NELKINDA SOFTWARE CRAFT

Transforming Delivery: How Small Practices Drove Big Engineering Wins

A quick case study about an XP transformation

Author:
Siddhesh Nikude, CEO / COO at Nelkinda Software Craft Pvt Ltd
First Published:
by NNelkinda Software Craft Private Limited
Last Modified:
by Siddhesh Nikude
Approximate reading time:

1 Introduction

This case study highlights the transformation of a remote engineering team that moved from shallow practices and fragmented workflows to a culture rooted in Test-Driven Development (TDD), automation, and continuous improvement.

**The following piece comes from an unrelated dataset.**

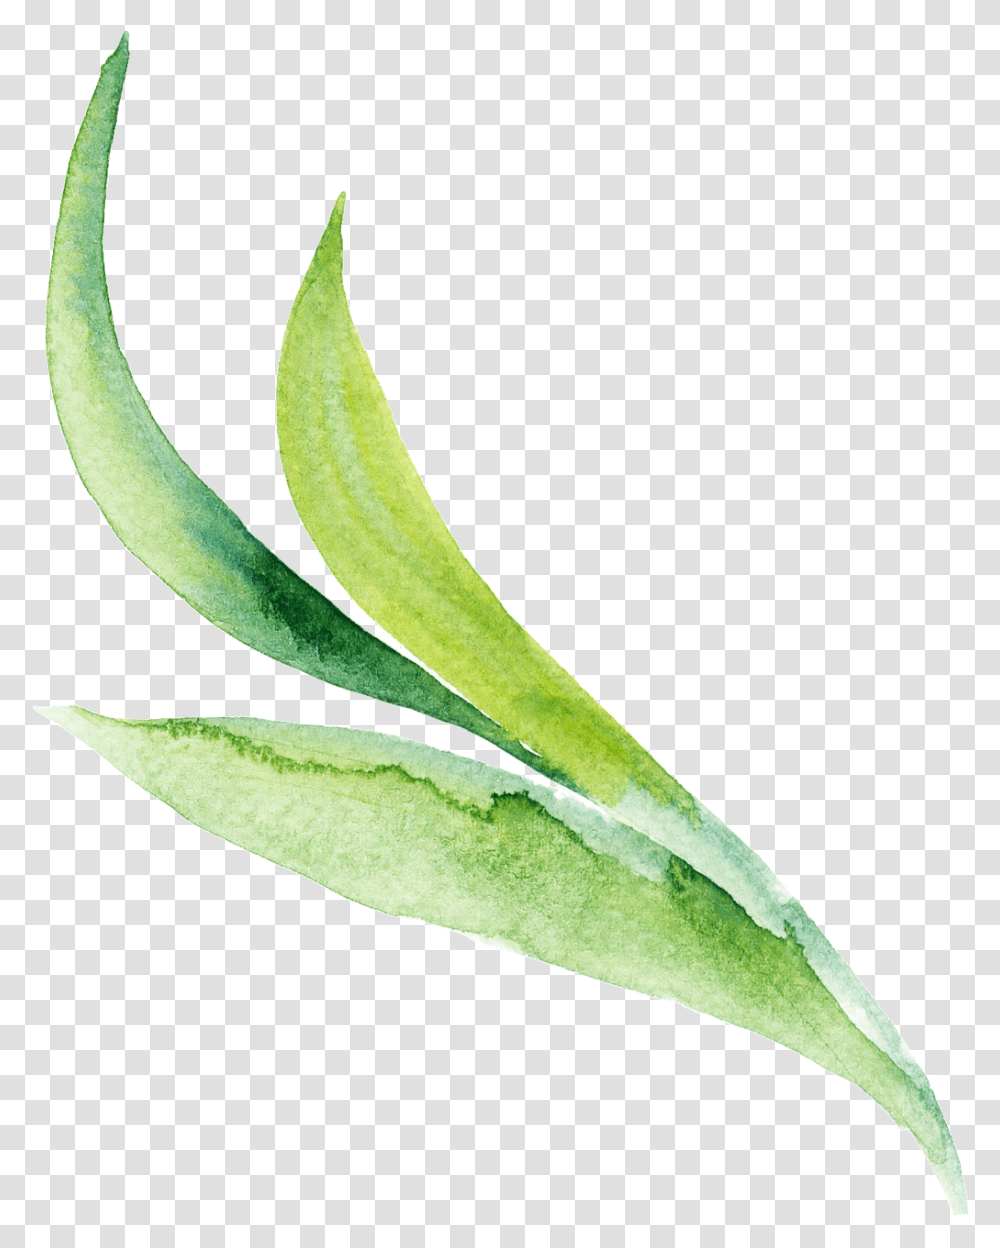 Three Aloe Cartoon Transparents Free Download Vector, Leaf, Plant, Green, Vase Transparent Png

At the start, the team faced several challenges. Test coverage numbers were high but misleading—most tests lacked meaningful assertions, and infrastructure behavior was often mocked instead of validated. Automation tests weren’t integrated into the CI pipeline and lacked proper failure signals. Silos between frontend, backend, and QA created inefficiencies and frequent ticket reopens. Pairing was inconsistent, and stand-ups had become status rituals rather than alignment tools.

Despite these issues, the team had several strengths that laid the foundation for change. Developers were open to working across silos and already had a solid understanding of DevOps. They had recently transitioned from Java to a modern stack with React and Node.js, and showed commendable commitment to learning while delivering under pressure. Most importantly, the organization supported the shift fully—offering dedicated Slack Time, trusting the team's process, and accepting a short-term dip in productivity for long-term gains.

This case study documents how these conditions enabled a disciplined shift: replacing fake coverage with meaningful tests, integrating automation into delivery pipelines, embracing cross-functional collaboration, and establishing quality as a shared, everyday responsibility.

2 Empowering Stand-ups

Empowering Stand-ups Illustration
Figure 2-1: Empowering Stand-ups

Converted stand-ups from status updates into proactive learning sessions:

A Daily Stand-up meeting is a lot more than mere status updates. In fact, given that Jira board reflects the current status of the team, a well-maintained Jira board reduces the need of status updates drastically. It already provides a clear view of who is working on what, along with the current status of each task. We moved beyond this traditional format by transforming stand-ups into proactive learning and improvement sessions.

Instead of just sharing updates, we treated problems from the previous day as learning opportunities. Each time an issue surfaced—be it a defect, a test failure, or a misunderstanding—we asked ourselves:

Failing is fine—but repeating the same failure is not. This small mindset shift made our stand-ups much more valuable.

Identified patterns causing reopened tickets:

Reopened tickets are expensive. A developer completes a ticket, QA reviews it, and it gets reopened due to unmet expectations. At this point, the developer might already be deep into a new task, and now has to switch context. QA also needs to reprioritize and revalidate. It's costly for both sides.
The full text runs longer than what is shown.